The theory of languages is useful to:

  • describe an automatic behavior (robotics, home automation, building automation)
  • understand all of a language and its uses (compiler, DNA, machine learning)
  • minimize an automatic process (integrated software, integrated map for aerospace or automotive, etc.)


An alphabet, noted A, is a non-empty finite set of symbols (letters, signs, numbers, etc.)

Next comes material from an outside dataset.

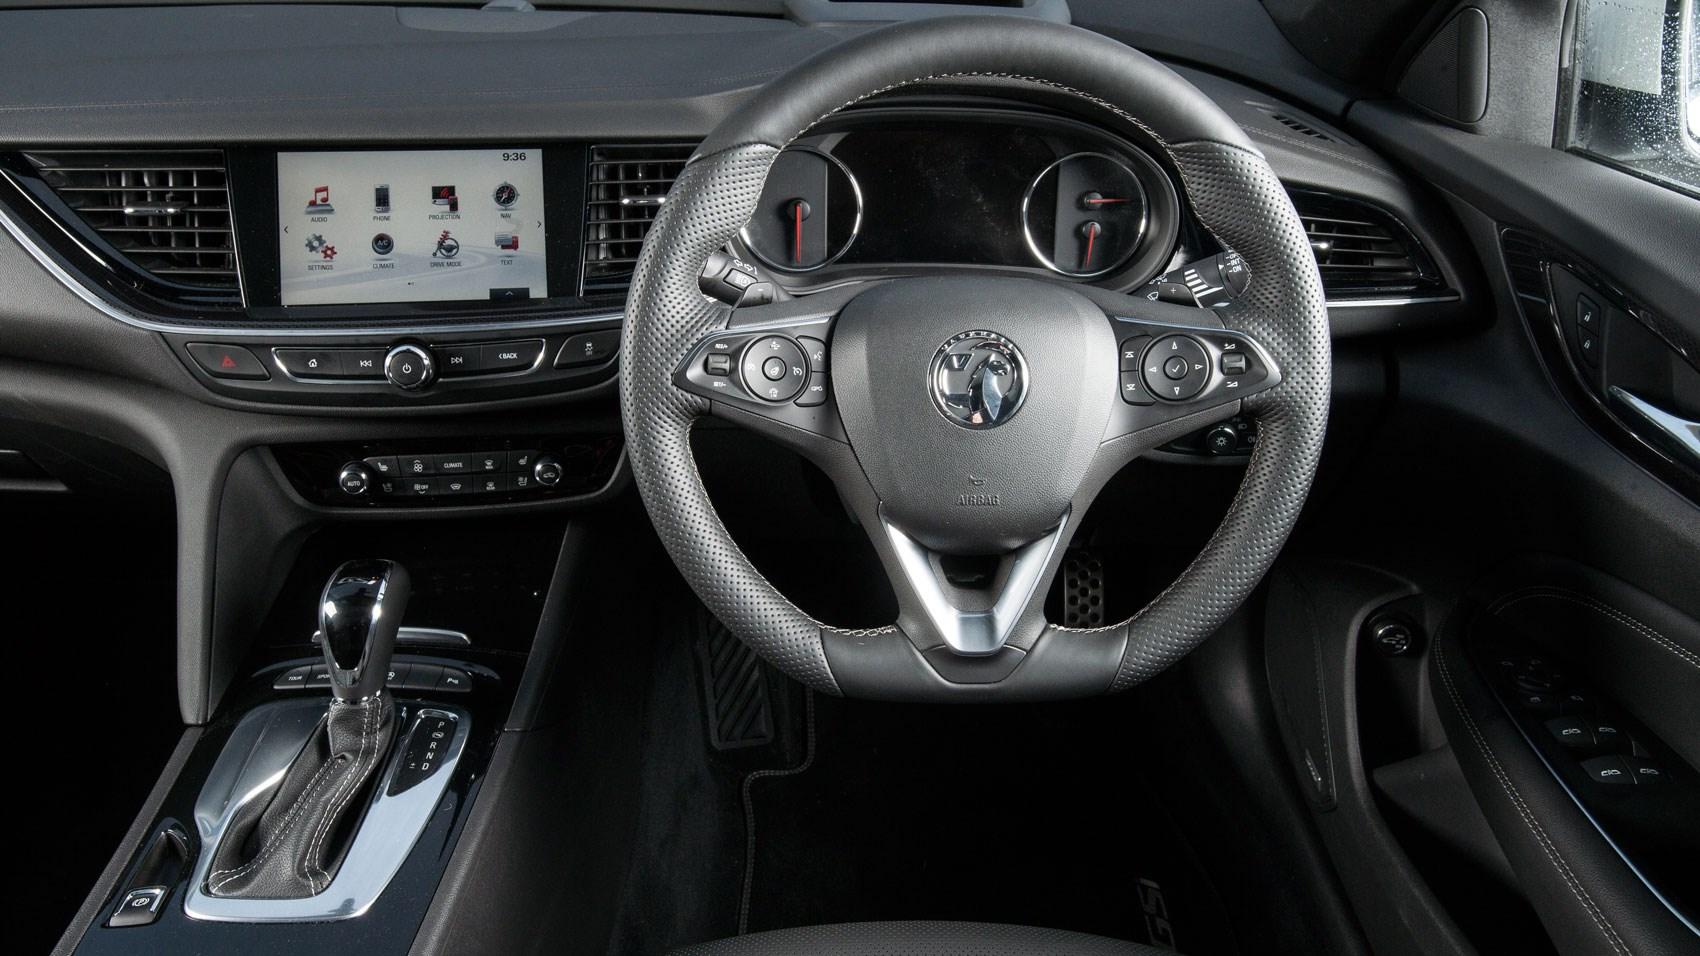 Car Leasing Deals Uk >> Vauxhall Insignia GSi Sports Tourer diesel estate (2018) review: going old school | CAR Magazine

A word, defined on an alphabet A, is a finite sequence of symbols / elements of A.

Some properties on words:

  • The length of a word u defined on an alphabet A, written |u| is the number of symbols (his cardinal) that make up u.
  • |u|j counts the number of occurrences of the symbol j in the word u.
  • Le mot vide, noté ε, est défini sur tous les alphabets et est le mot de longueur 0.
  • L’ensemble de tous les mots formés à partir de l’alphabet A (resp. de tous les mots non vides) est noté A* (resp. A+).
  • La concaténation de deux mots u et v, notée, u.v ou uv, est le mot formé en faisant suivre les symboles de u par les symboles de v. Une puissance n d’un mot est ce mot concaténé n fois.
  • si un ou des symboles est à la puissance + alors cela signifie qu’il existe un ou plus symbole de ce type dans le mot (ex. (ab)+=ab…)
  • si un ou des symboles est à la puissance * alors cela signifie qu’il existe zéro ou plus symbole de ce type dans le mot


Let two words u and v be defined on an alphabet A:

  • u is a prefix of v if and only if there exists a (potentially empty) word w such that uw = v.
  • u is a suffix of v if and only if there exists a (potentially empty) word w such that wu = v.
  • u is a factor of v if and only if there are two words (potentially empty) w1 and w2 such that w1uw2=v.
  • a non-empty word u is said primitive if the equation u=vi hasn’t solution for i>1.
  • two words x = uv and y = vu deduced from each other by exchange of prefix and suffix are said conjugated.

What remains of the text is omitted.